_What to work on_. Write every line below out again exactly, images omitted.

_Data below_.

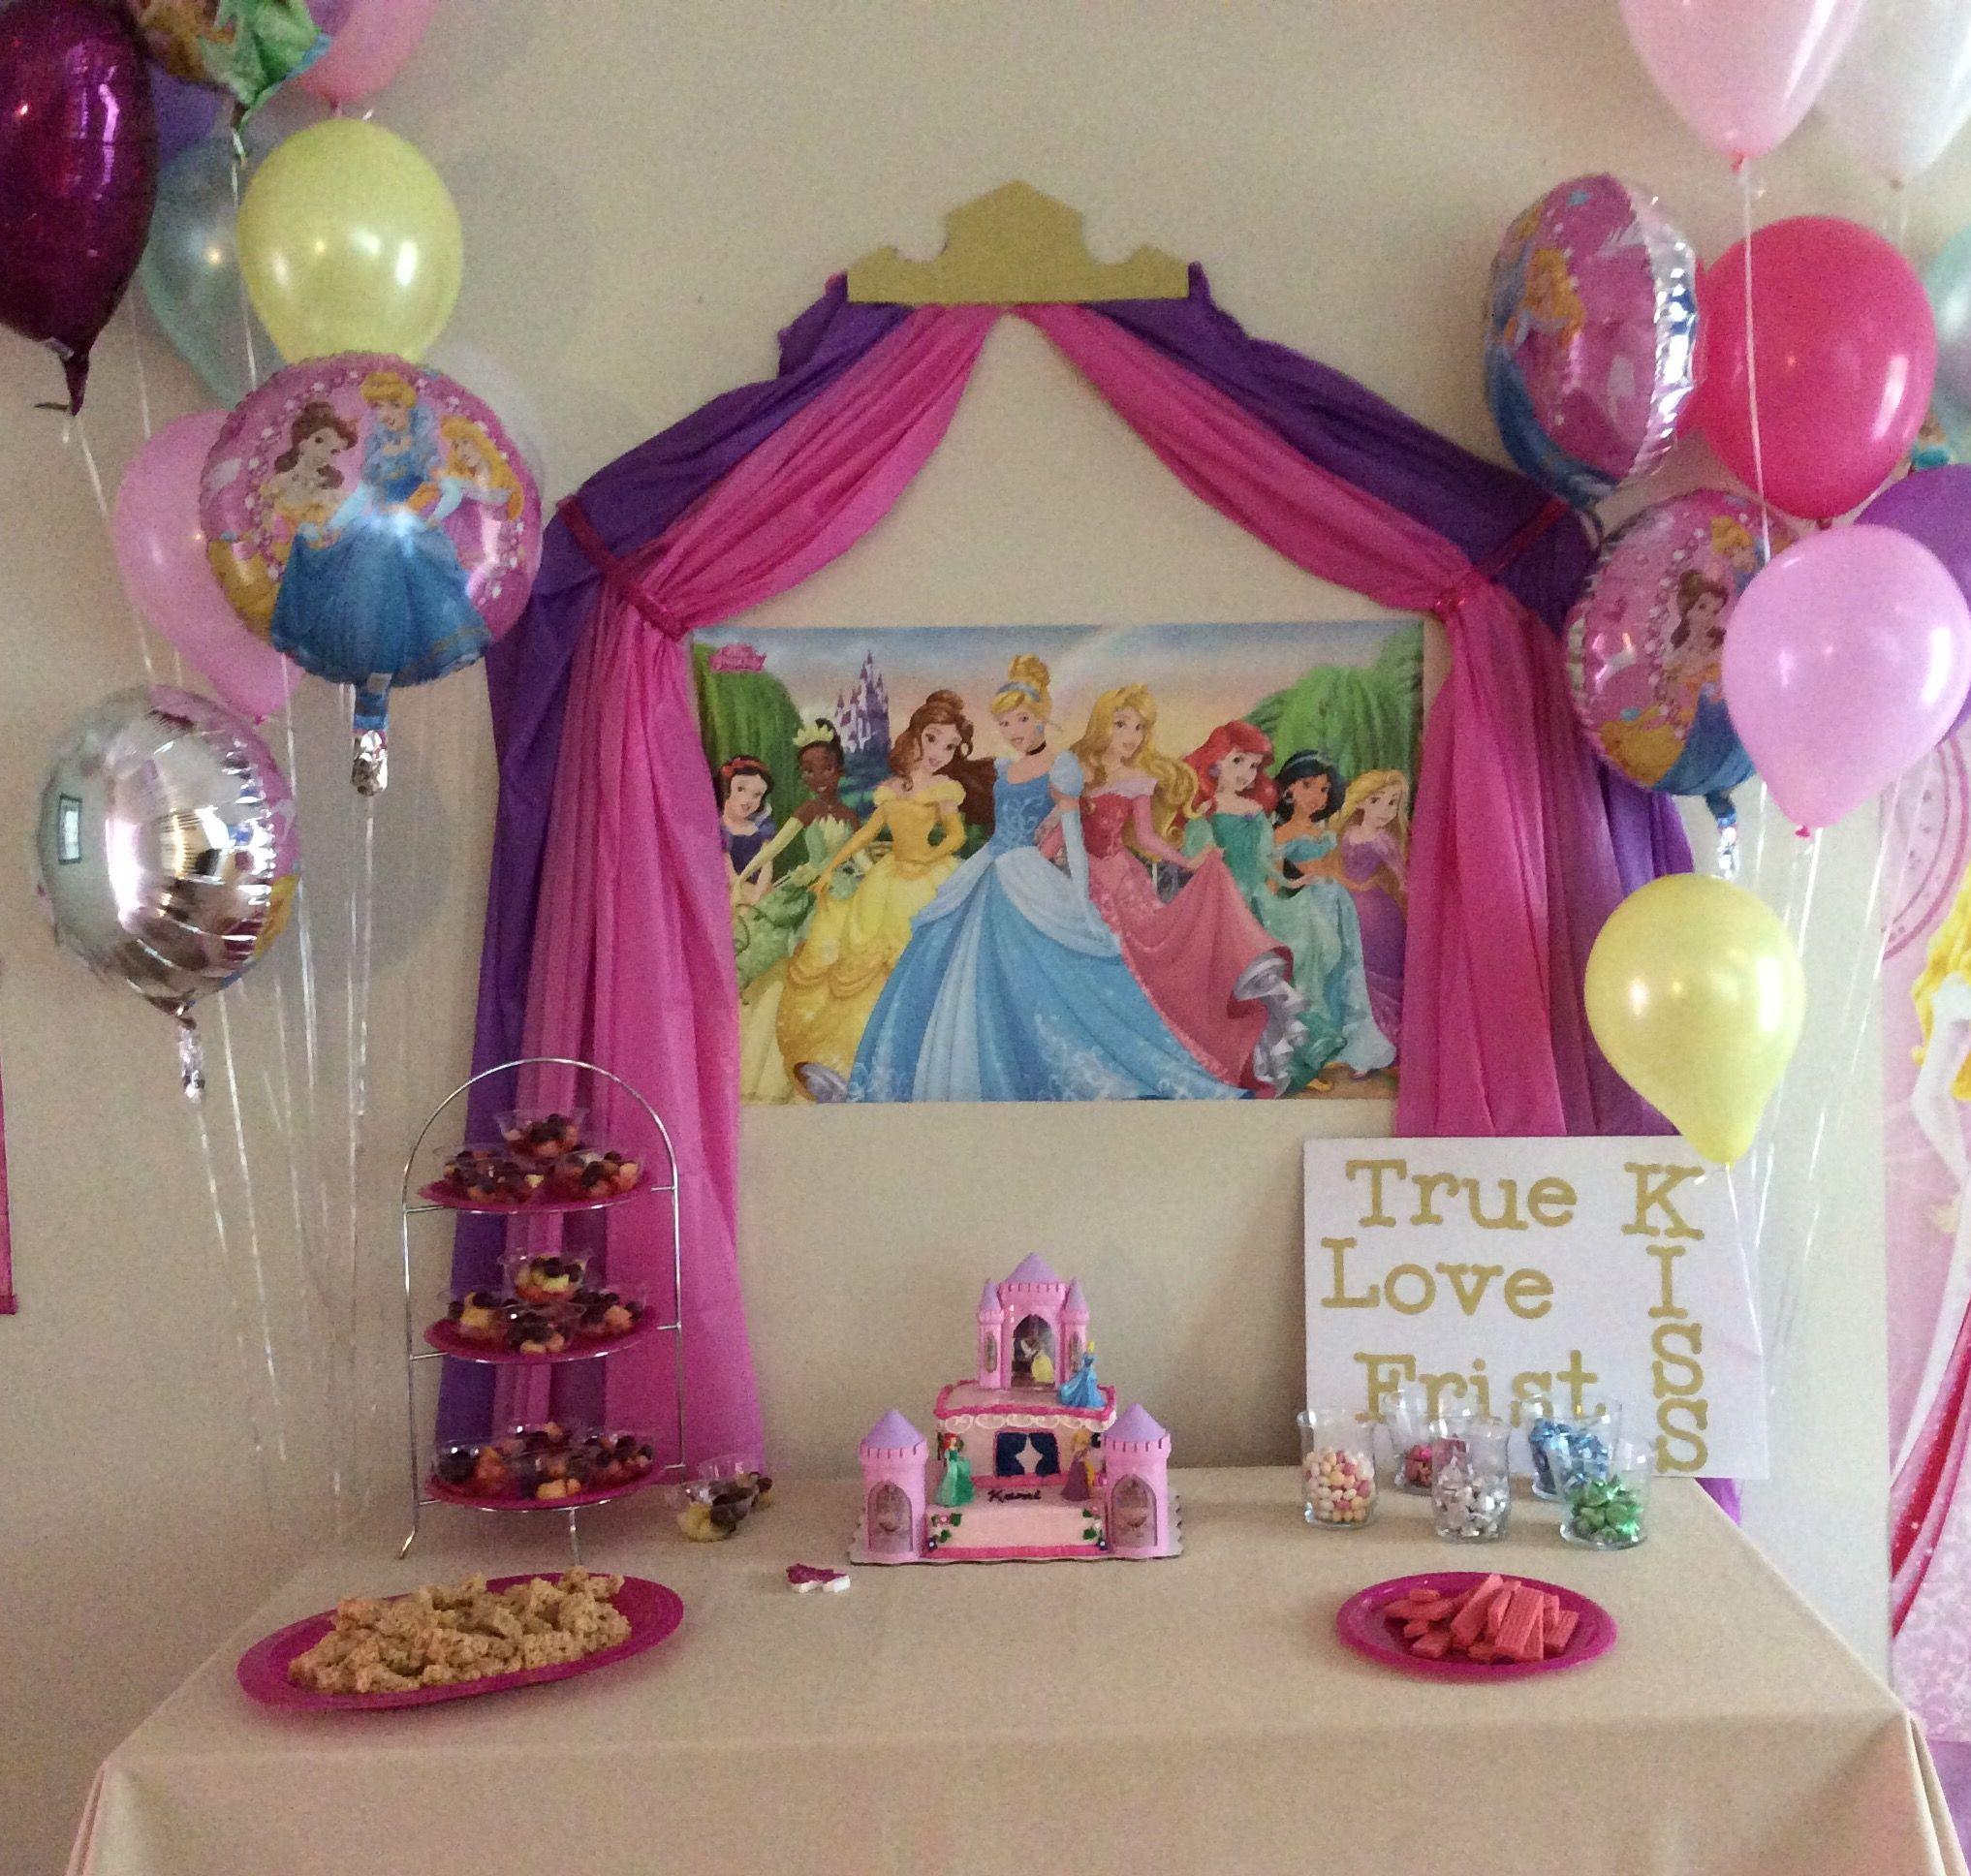 Disney Princess Party Princess Theme Party Princess Party Decorations Princess Birthday Party Decorations
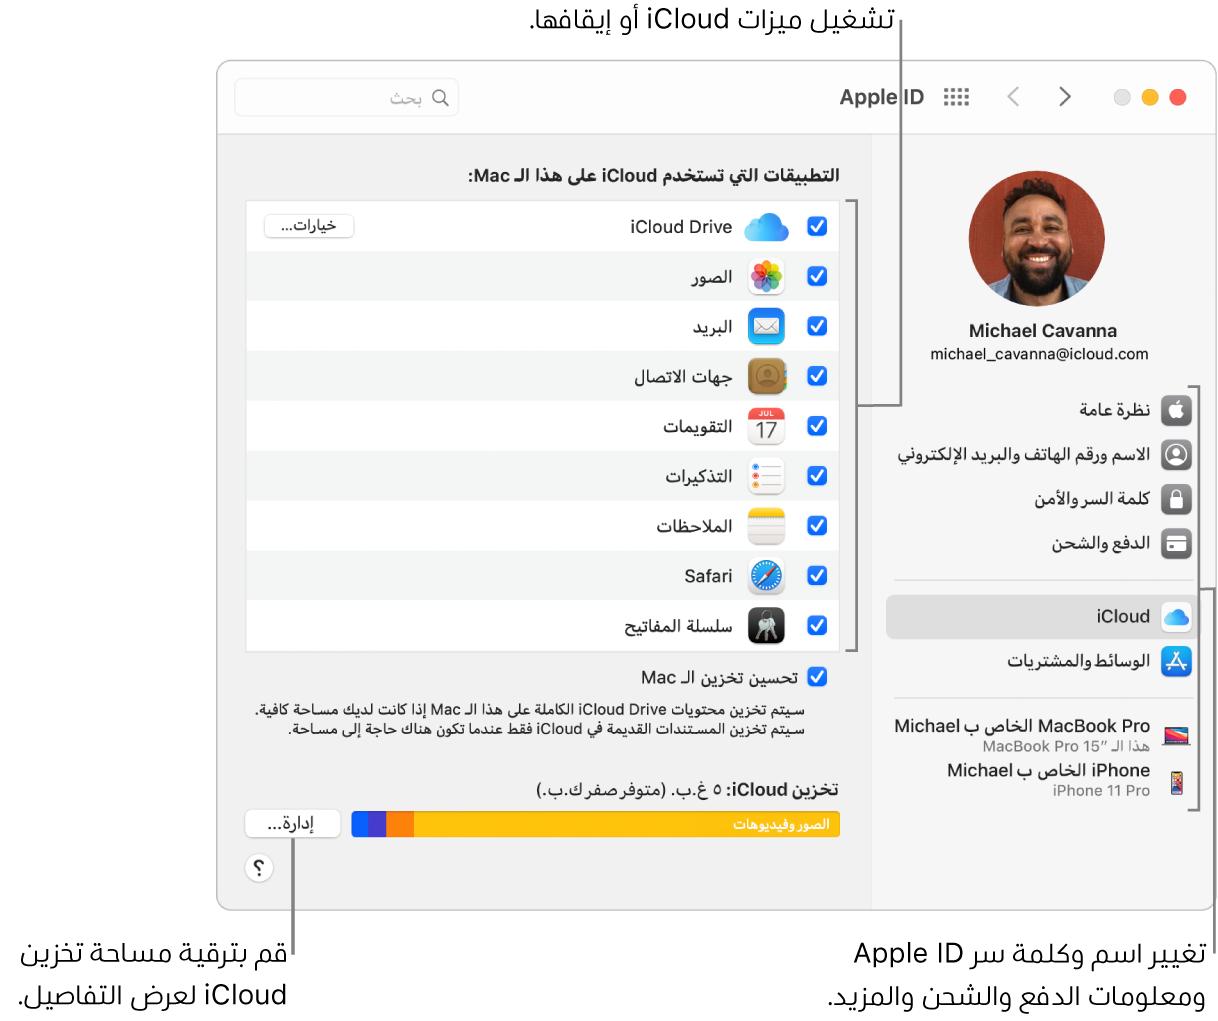 تفضيلات iCloud مع تحديد جميع الميزات.
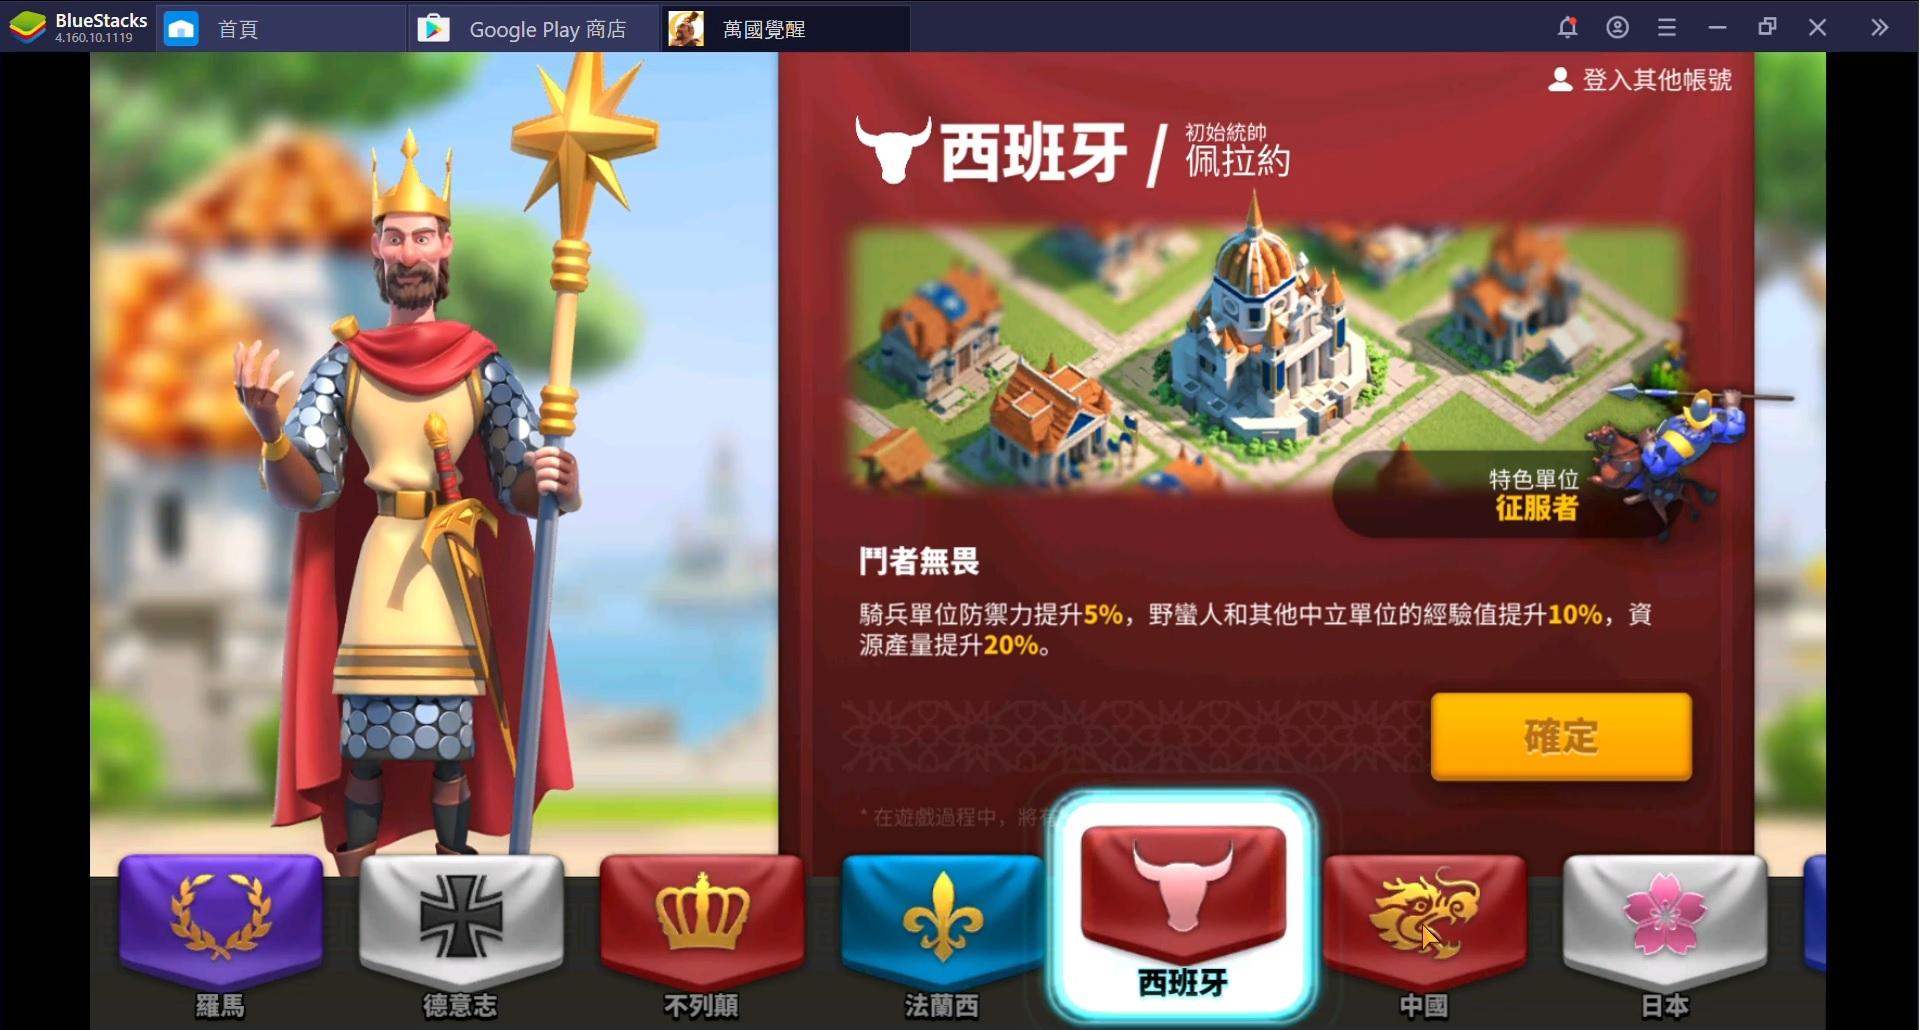 《萬國覺醒》遊玩攻略:11種文明之盤點
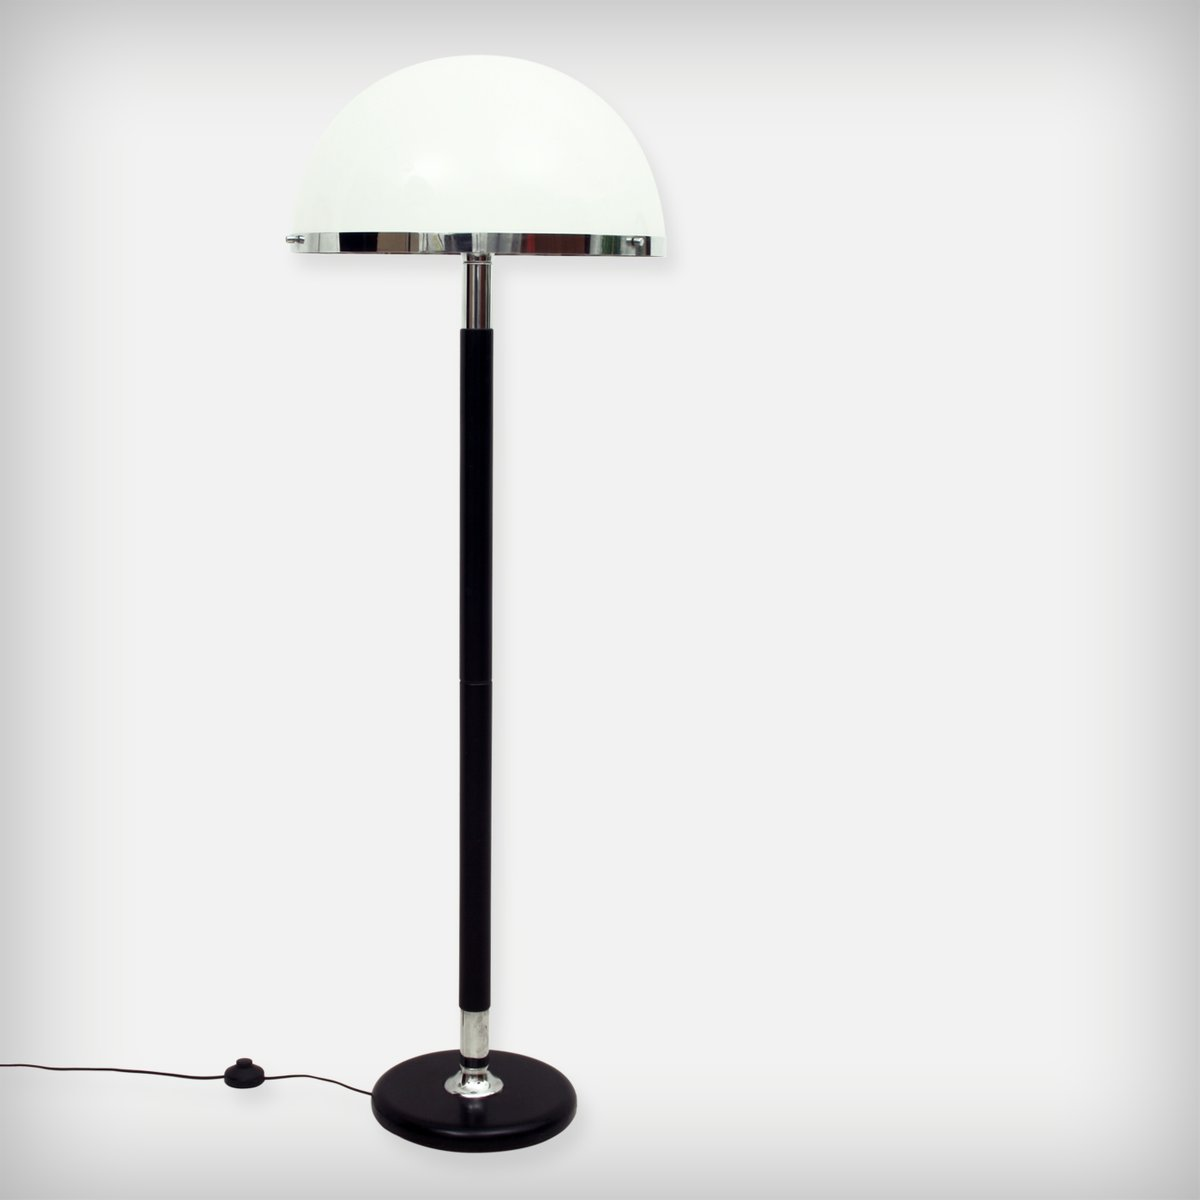 Schweizer Stehlampe aus Chrom, Holz & Plexiglas von Temde Leuchten, 19...

_Result of the exercise_.
 Disney Princess Party Princess Theme Party Princess Party Decorations Princess Birthday Party Decorations
 تفضيلات iCloud مع تحديد جميع الميزات.
 《萬國覺醒》遊玩攻略:11種文明之盤點
 Schweizer Stehlampe aus Chrom, Holz & Plexiglas von Temde Leuchten, 19...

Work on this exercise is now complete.